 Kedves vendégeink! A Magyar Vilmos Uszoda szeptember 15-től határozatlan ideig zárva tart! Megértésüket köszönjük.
---*---
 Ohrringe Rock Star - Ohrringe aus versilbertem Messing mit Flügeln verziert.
---*---
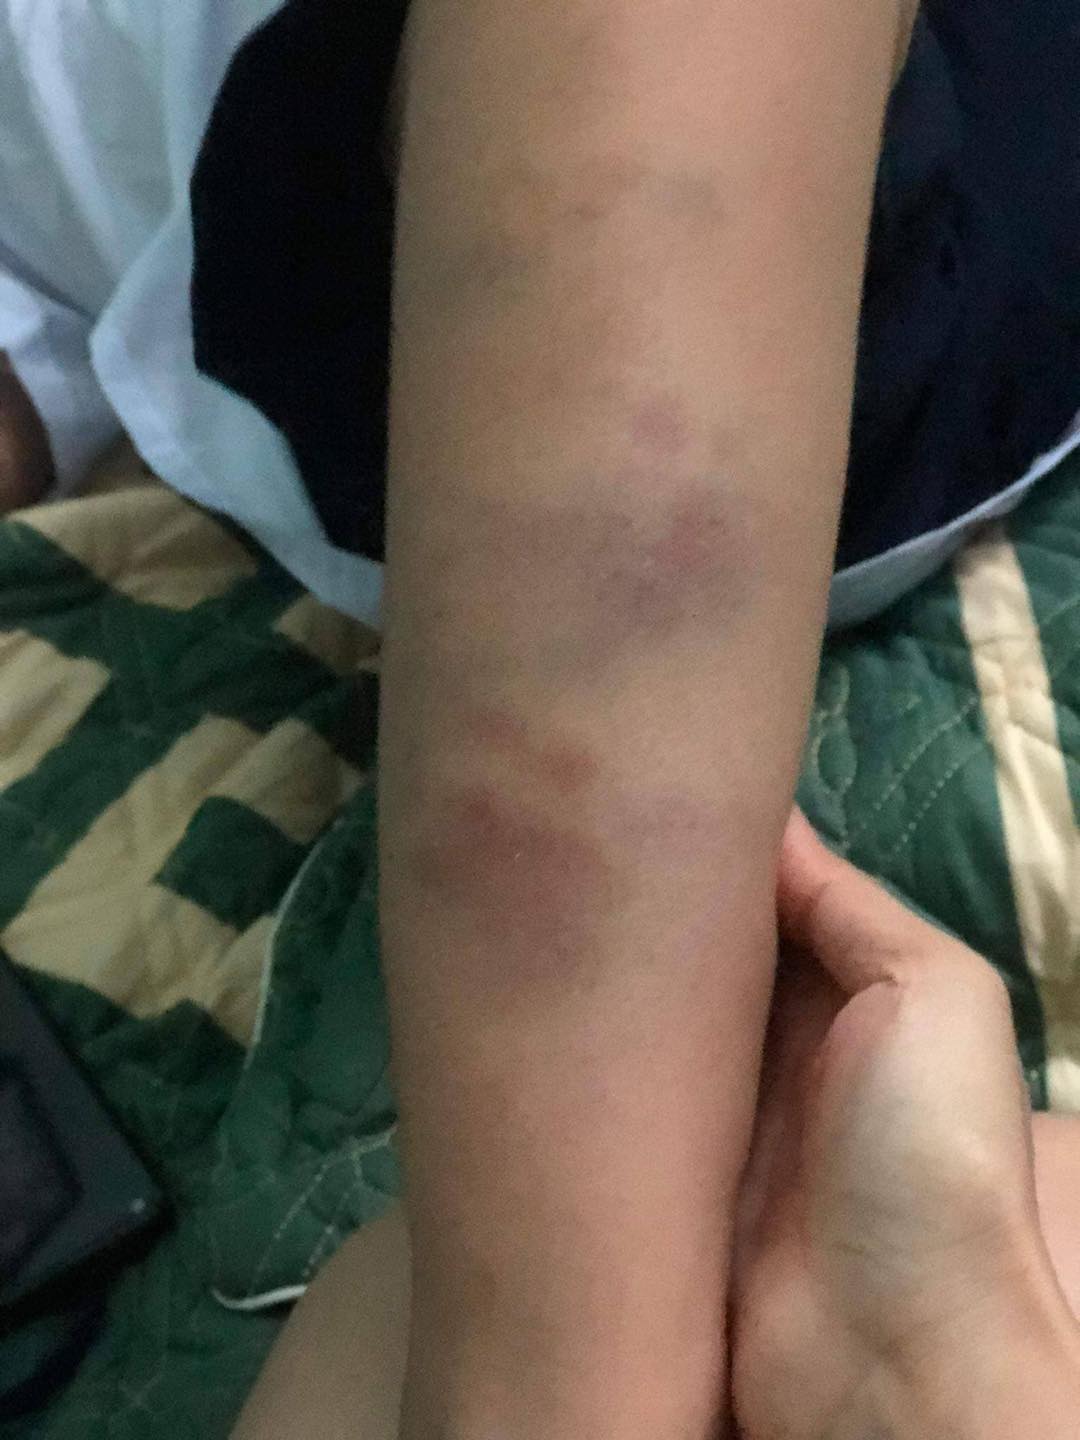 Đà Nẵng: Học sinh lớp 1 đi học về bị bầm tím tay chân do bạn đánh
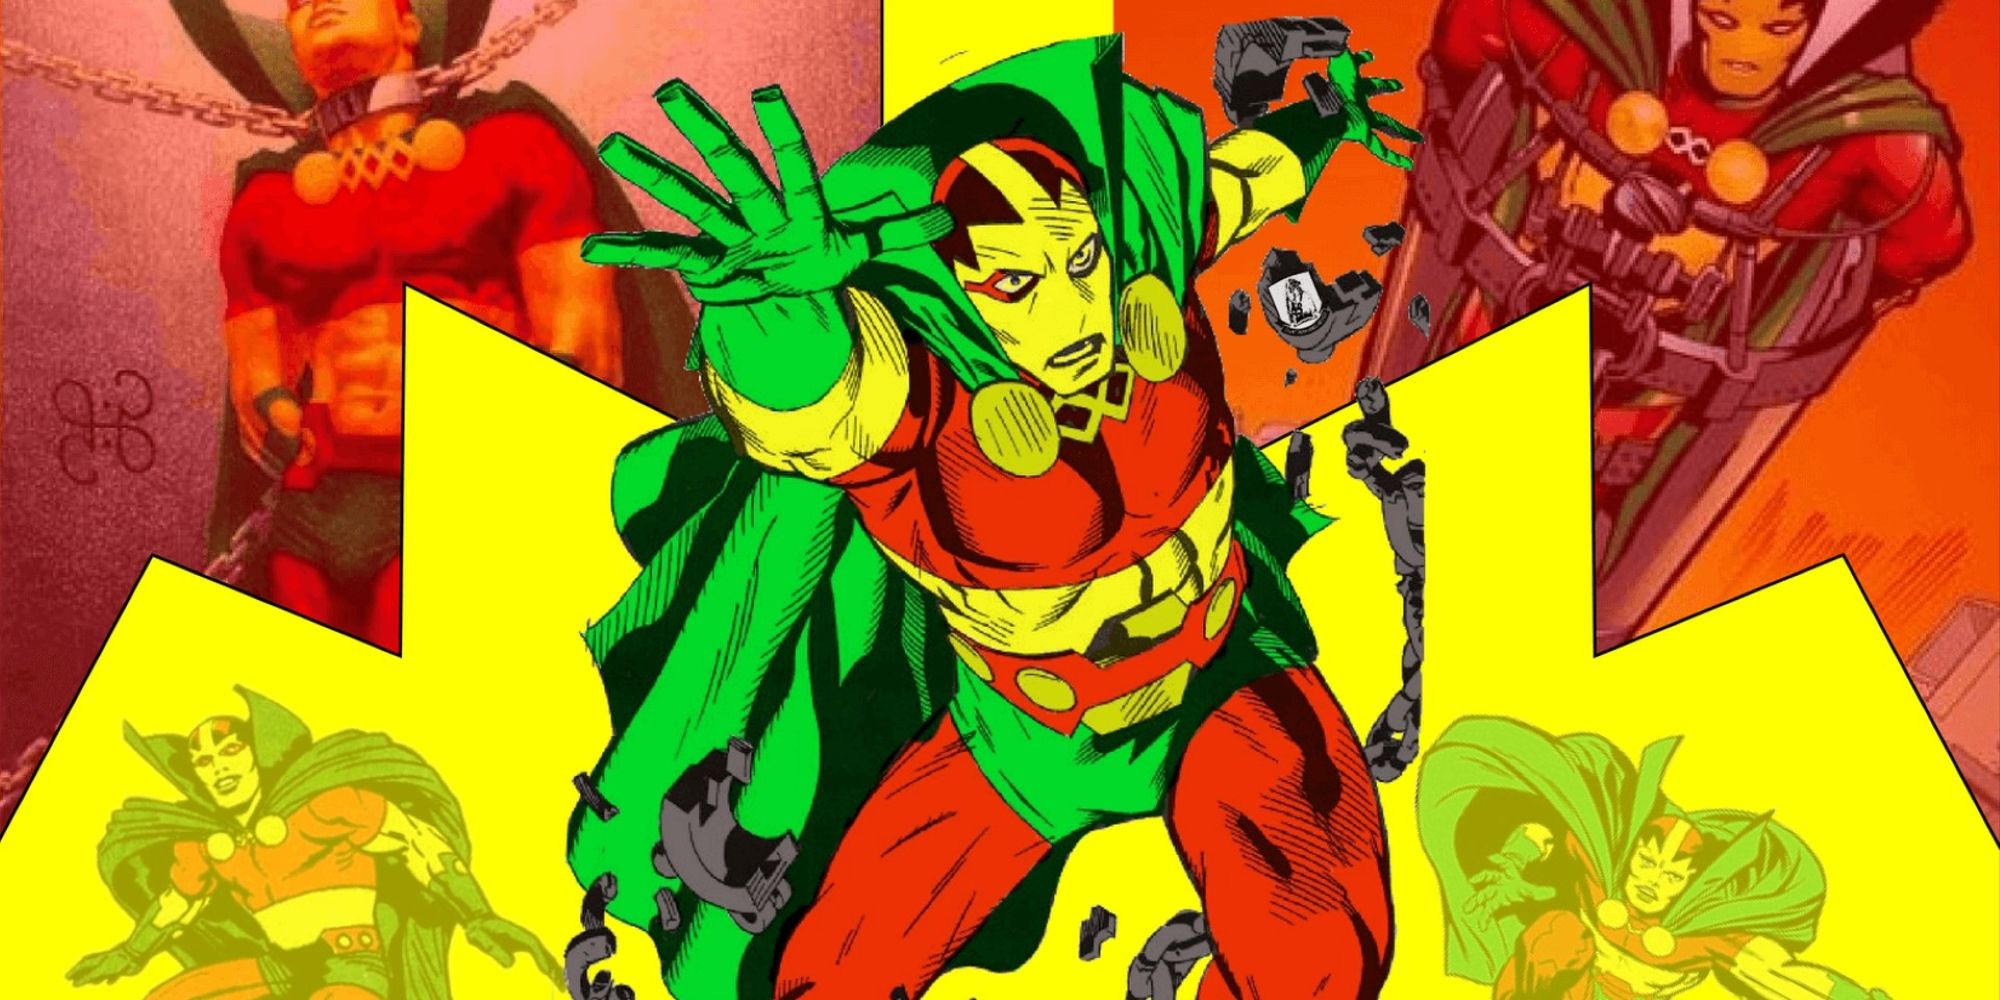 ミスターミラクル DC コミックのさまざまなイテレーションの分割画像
---*---
What the task asks | Pictures aside, return exactly the lines from the data above, starting at the line that has "Đà Nẵng: Học" and ending at the line that has "ミスターミラクル DC コミックのさまざまなイテレーションの分割画像", both included.

Exercise output |
 Đà Nẵng: Học sinh lớp 1 đi học về bị bầm tím tay chân do bạn đánh
 ミスターミラクル DC コミックのさまざまなイテレーションの分割画像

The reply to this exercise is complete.